It’s a first: Wolves win 103-102 at Utah, end 9-game road losing streak

Posted on April 4th, 2009 – 12:46 AM
By Jerry Zgoda

Sorry, lottery-odd watchers. Wolves win, Jazz lose, which means it looks the Wolves probably won’t get Utah’s first round pick this summer (good thing) and they’ll probably end up aimed at the sixth pick in this summer’s draft with their own.

OK, so the Wolves have won at EnergySolutions Arena before. They just haven’t done so since December 2005, which means it’s all new for these Timberwolves.

Rodney Carney called the victory, which ended a nine-game losing streak dating to Feb. 18 at Miami, “very satisfying…because I’ve never won here” after he matched his career high with 25 points, including five three pointers.

The Wolves won without Big Al, of course. Without Craig Smith or Randy Foye. With Kevin Love playing ill.

Mike Miller played his predictably efficient game, approaching a triple-double with a 14-point, 9-rebound, 8-assist night. Ryan Gomes matched Carney’s 25 points, his most since he scored 28 on March xx against New York.

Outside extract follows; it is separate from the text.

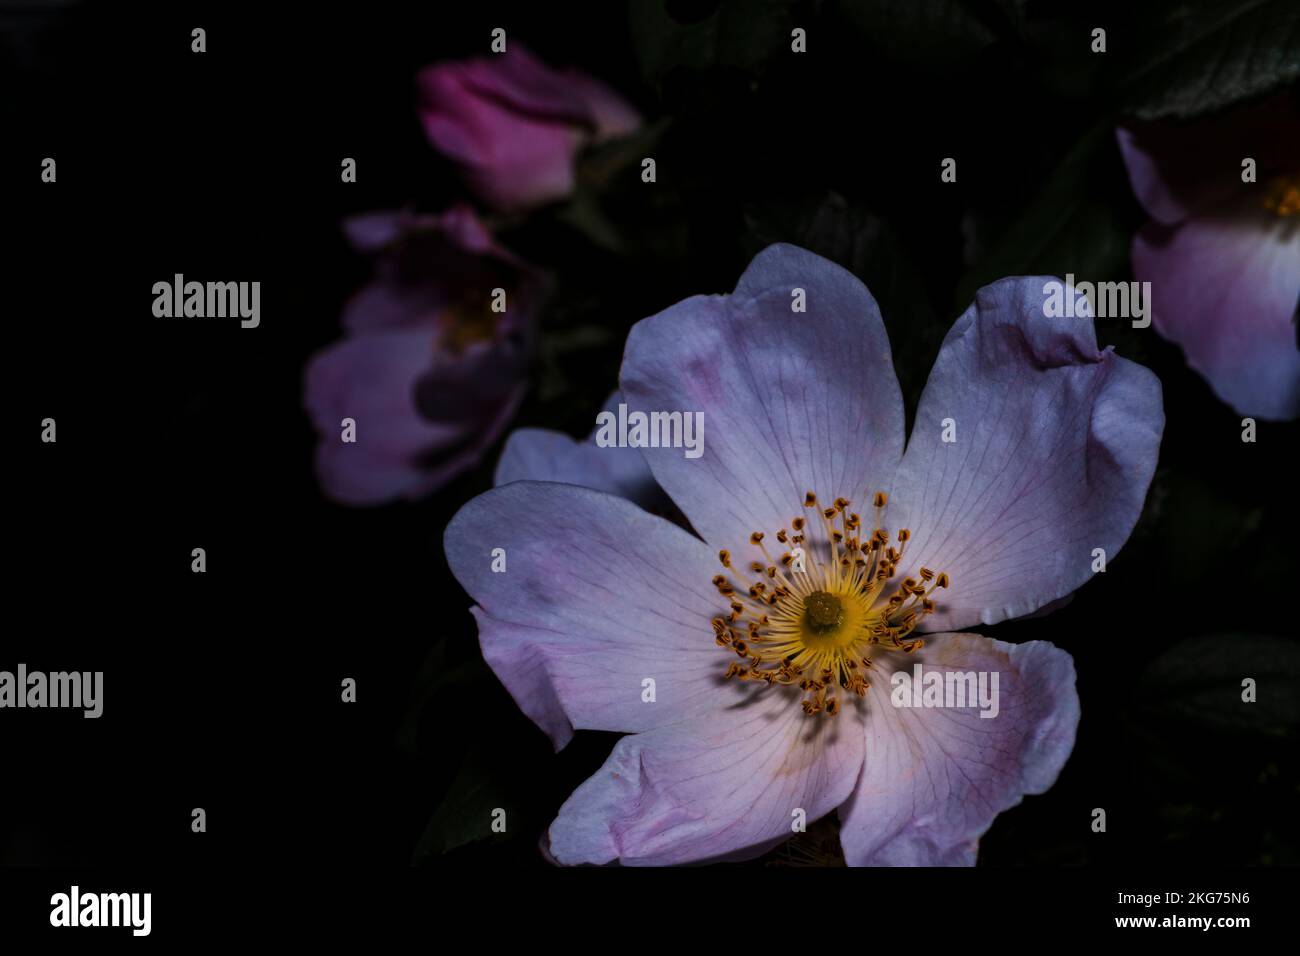 wild rose, macro flower photo, night flower shot Stock Photo

This time, Mehmet Okur didn’t beat the Wolves with a last-second shot, as he had done twice already this season.

This season, Carney provided the punctuation, including an unlikely bucket with 94 seconds left that sucked the life right out of arguably the loudest arena in the league and perhaps out of a Jazz team that was playing its fourth game in five nights after playing a late TNT game in Denver Thursday.

The shot clock was at one when Gomes heaved up a three pointer simply aimed anywhere toward the rim from well beyond 30 feet. It hit front, bounced against the backboard and came down. Carney, off balanced, reached up and with his left hand tipped the ball back up and in.

It wasn’t the basket that put the Wolves ahead to stay — Carney’s subsequent three pointer with 32 seconds left did, at 103-100 — but it might as well have.

I asked Kevin McHale afterward which play in the team’s famous “thumb” series calls for the long-distance heave and off-balance, left-handed tip.

“That was all Rodney Carney,” he said. “That’s what that was.”

Wolves flew home happy after tonight’s game and face Denver Sunday night at Target Center. Only six left from here, sports fans!